Roberts Rejects the ICJ

On June 28, 2006, in General, by Neil Stevens

While many of us have been worked up about the ICC, the ICJ still exists, and the Chief Justice is on the case. Via Bench Memos I found this interesting writeup that shows John Roberts as not hesitating to lay down American law over foreign junk:

Bustillo asserts that since Breard, the ICJ’s LaGrand and Avena decisions have interpreted the Convention to preclude the application of procedural default rules to Article 36 claims. Although the ICJ’s interpretation deserves “respectful consideration,” Breard, supra, at 375, it does not compel the Court to reconsider Breard’s understanding of the Convention. “The judicial Power of the United States” is “vested in one supreme Court . . . and . . . inferior courts.” U. S. Const., Art. III, §1. That “power . . . extend[s] to . . . treaties,” Art. III, §2, and includes the duty “to say what the law is,” Marbury v. Madison, 1 Cranch 137, 177. If treaties are to be given effect as federal law, determining their meaning as a matter of federal law “is emphatically the province and duty of the judicial department,” headed by the “one supreme Court.” Ibid. Nothing in the ICJ’s structure or purpose suggests that its interpretations were intended to be binding on U. S. courts. Justice Roberts goes on to find that the ICJ’s interpretation of the VCCR is simply wrong.

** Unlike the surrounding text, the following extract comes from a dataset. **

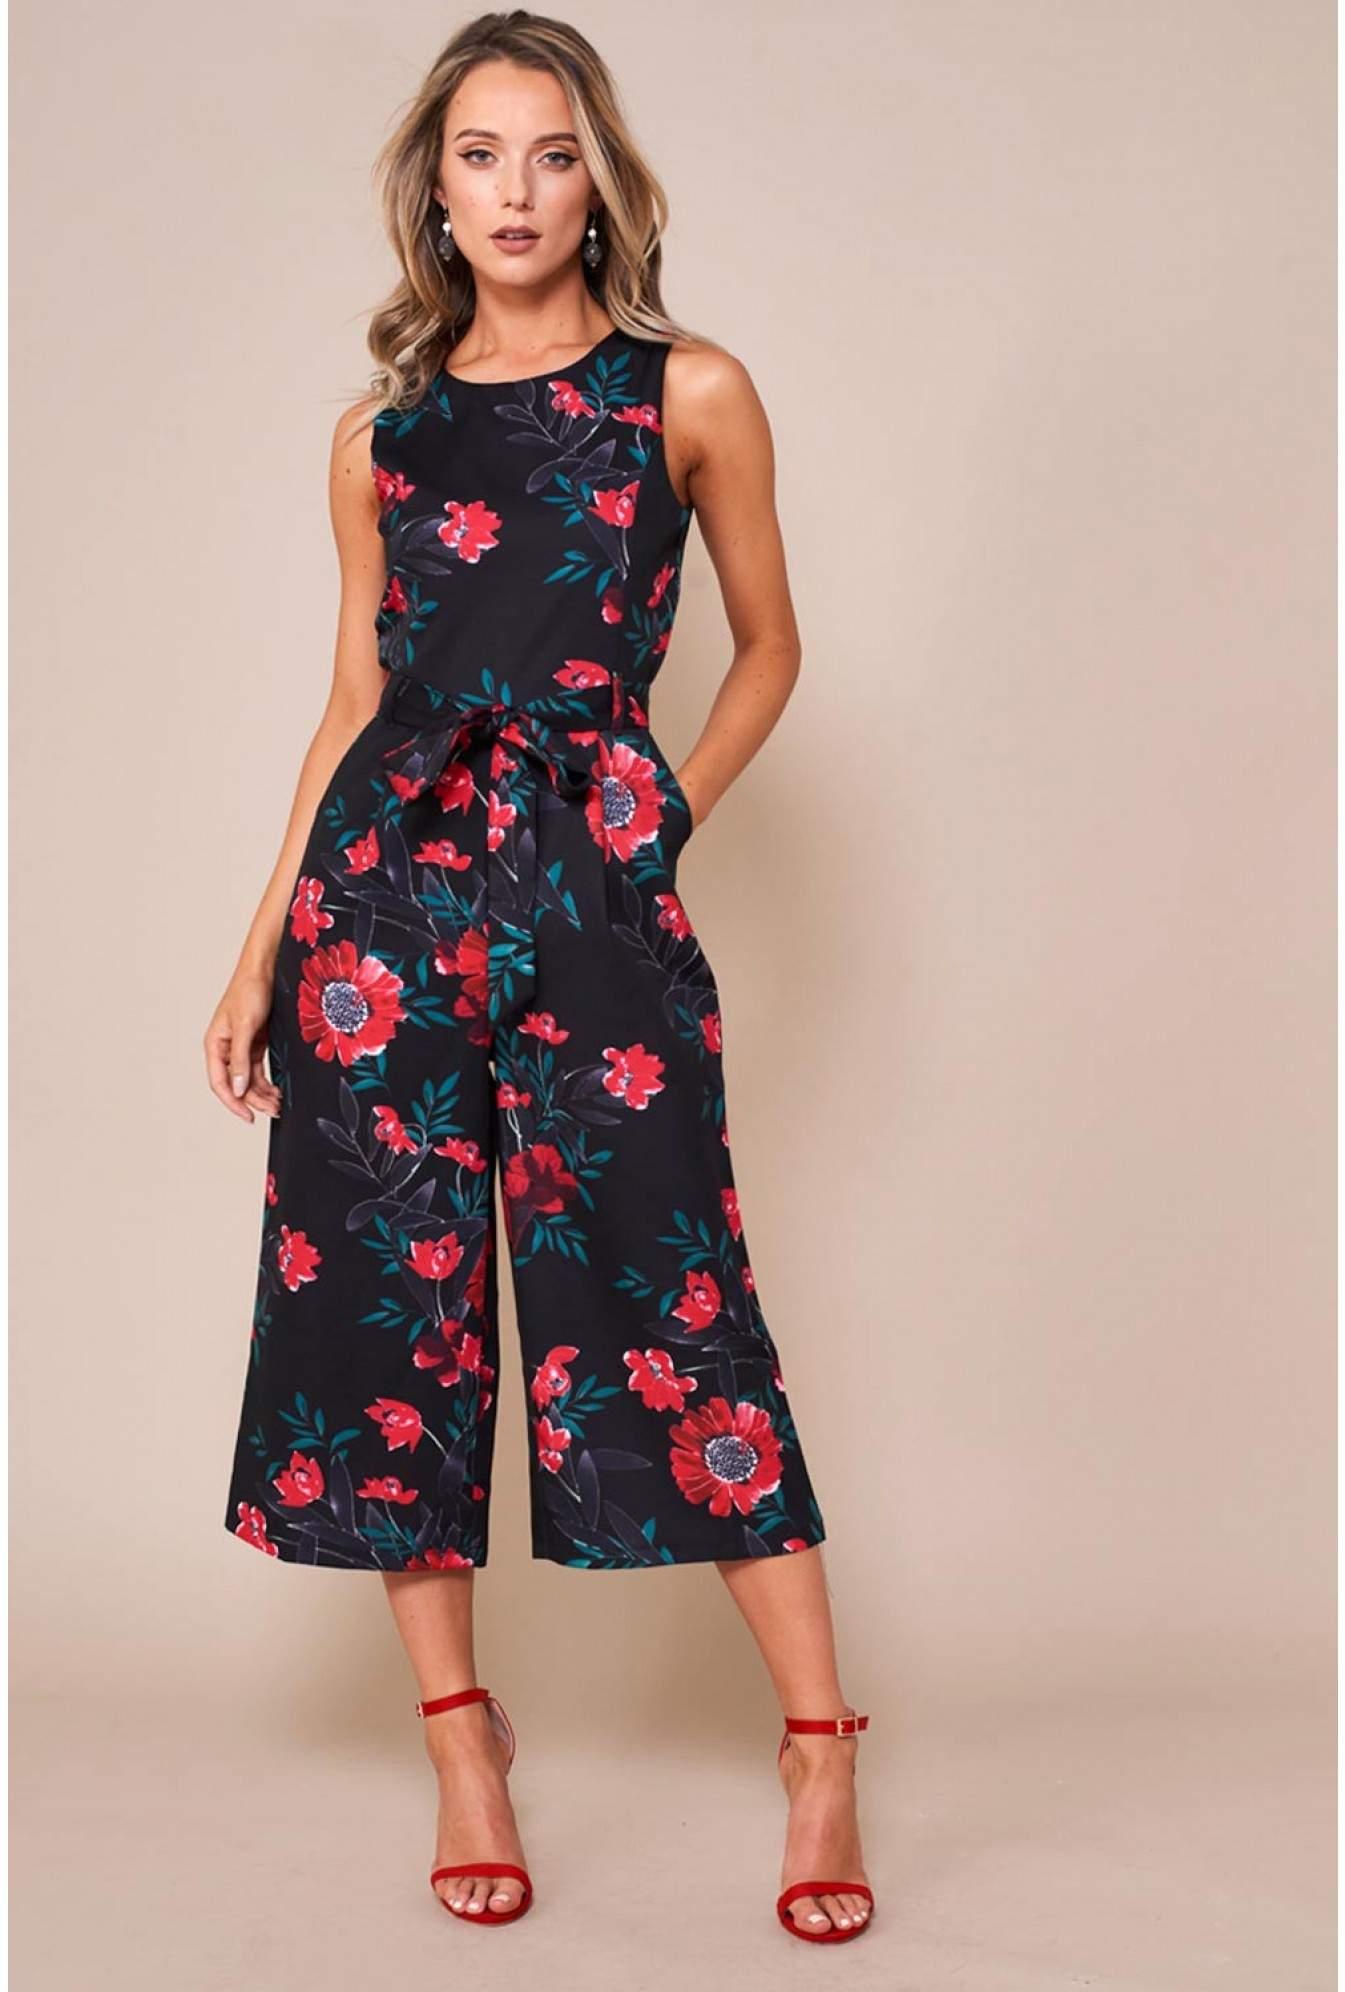 70ae65a12202 Marc Angelo Katie Longline Floral Jumpsuit in Black

The dissent, written by Justice Breyer, also refused to endorse this view, and “assumed that the ICJ decisions are not binding.” Instead, the dissent argued that “respectful consideration” should have required the Court to give deference to the ICJ here and spends lots of ink pointing out that the ICJ has often been cited by U.S. Courts and the Supreme Court.

Just imagine if Breyer were in the majority. Even if Breyer says the ICJ’s word isn’t legally binding, if he claims the Supreme Court has to follow it, then the effect is the same as if the ICJ were a higher court.